First of all, not all women have these reproductive organs that you are worshiping. And again, the performance of it, that’s interesting. I looked at the Instagram of this place [Spirit Weavers], and the aesthetic is very beautiful women, thin, long hair… This is some Charlie Manson shit all over again. And it’s like what if you don’t present that way? Does that mean that womb worship isn’t for you and that you don’t deserve to sit in a Mongolian yurt surrounded by Moroccan rugs braiding each others’ hair?

I had similar conversations with folks last year. I remember sharing with a few people about my first experience with womb balancing. I was over the moon about how powerful it was for me.

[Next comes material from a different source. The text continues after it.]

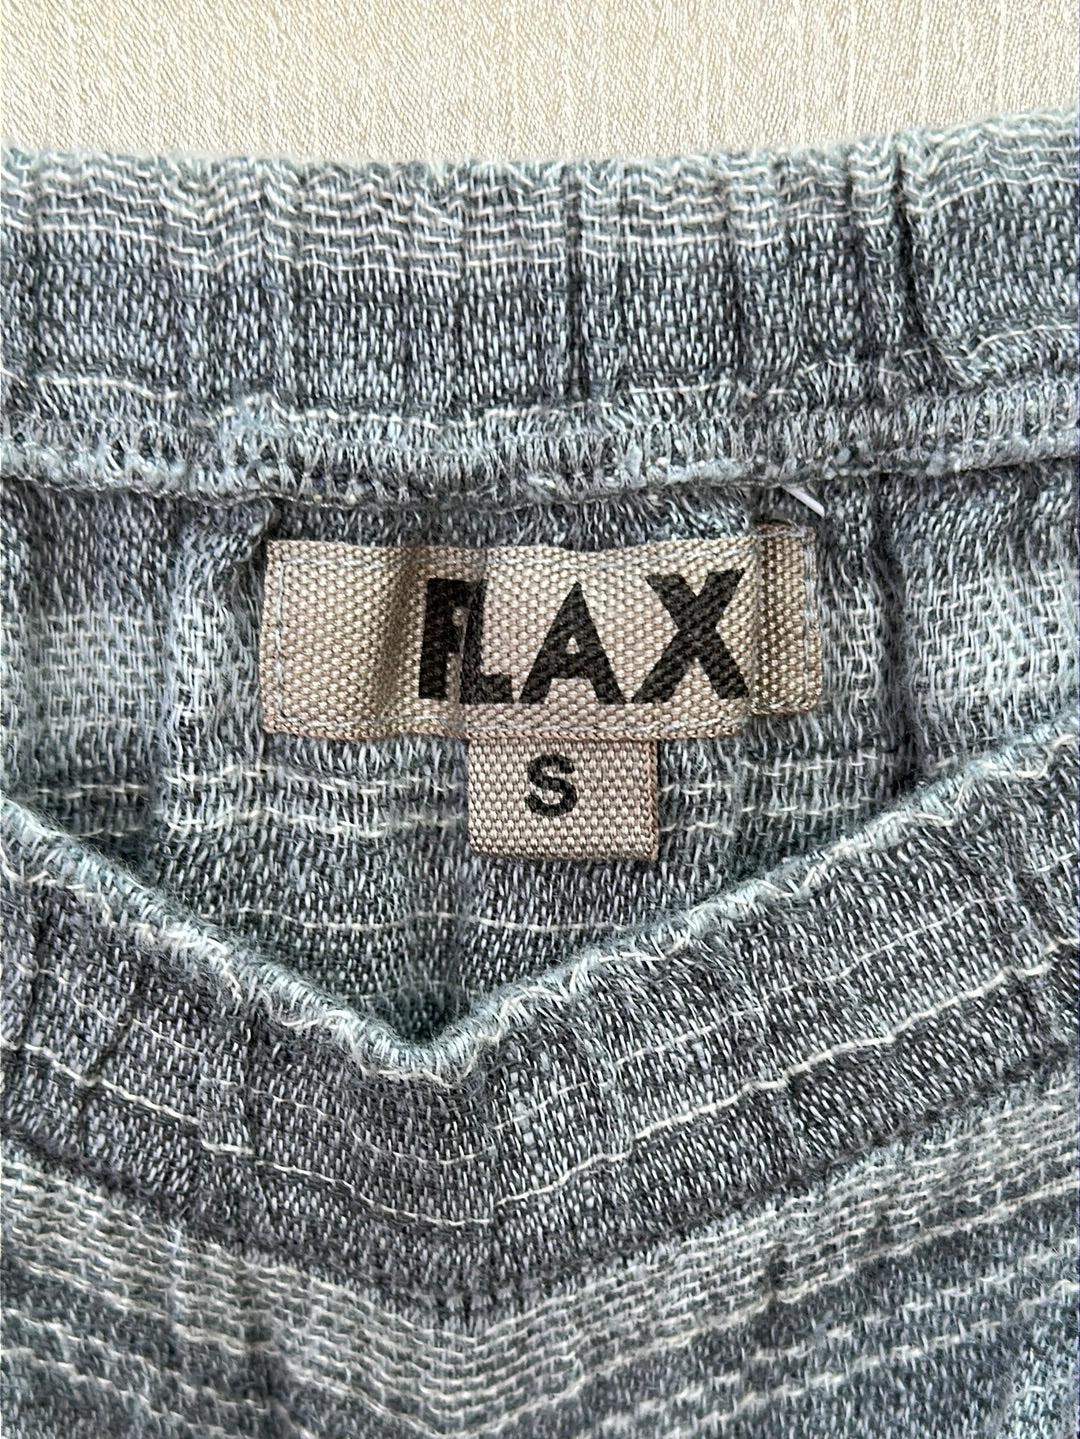 FLAX grey Stripe Lightweight Loose Weave Linen Midi Skirt - S

Then, one person, while expressing support for me, said, “I just don’t identify with my ‘womb.’ I don’t know that I could ever have an experience like that, because that imagery doesn’t work for me.” That was such a powerful moment for me, because it highlighted that fact that not all women present, experience and value womanhood / femininity in one way.

constructionI am constantly exploring my femininity, my whole naked self inside and out really, and exploration should never stagnate. It is valuable and necessary for every human to consistently engage self-study. I try lots of different things (including “hippie dippy” things from Etsy; menstrual sponges are the next adventure). I have yoni eggs. Then again, half the time I drink kombucha just because I love burping obnoxiously. I poop just like everybody else. Some days I’m farting while fixing a clog in the sink. I like dancing to drums and ethereal rhythms as much as I love busting moves to “Jump Around” by House of Pain or to mixes by Skrillex and Diplo. Whatever. Still black, still a woman. Always me.

Not every woman experiences, presents and values “femininity” and “womanhood” in the same ways.

Wherever any woman is in her journey, I want her to feel welcome, valued and respected, to feel like clothes free living can be for her just as she is. Nude yoga and naked dancing are authentic to me. Sometimes I like the Diva Cup, sometimes I don’t (I know, right? Shame on me). These things are not authentic to every woman, and none of it makes any woman more or less than. I don’t want women to think that they have to evolve into some other potentially oppressive, defined concept in order to experience something “powerful” in clothes free living.

Clothes free life is for any woman, however she presents or identifies. There is nothing she needs to perform in order to “get it” or “arrive.” She/he/they is already valuable, powerful and amazing just as is. She/he/they always will be.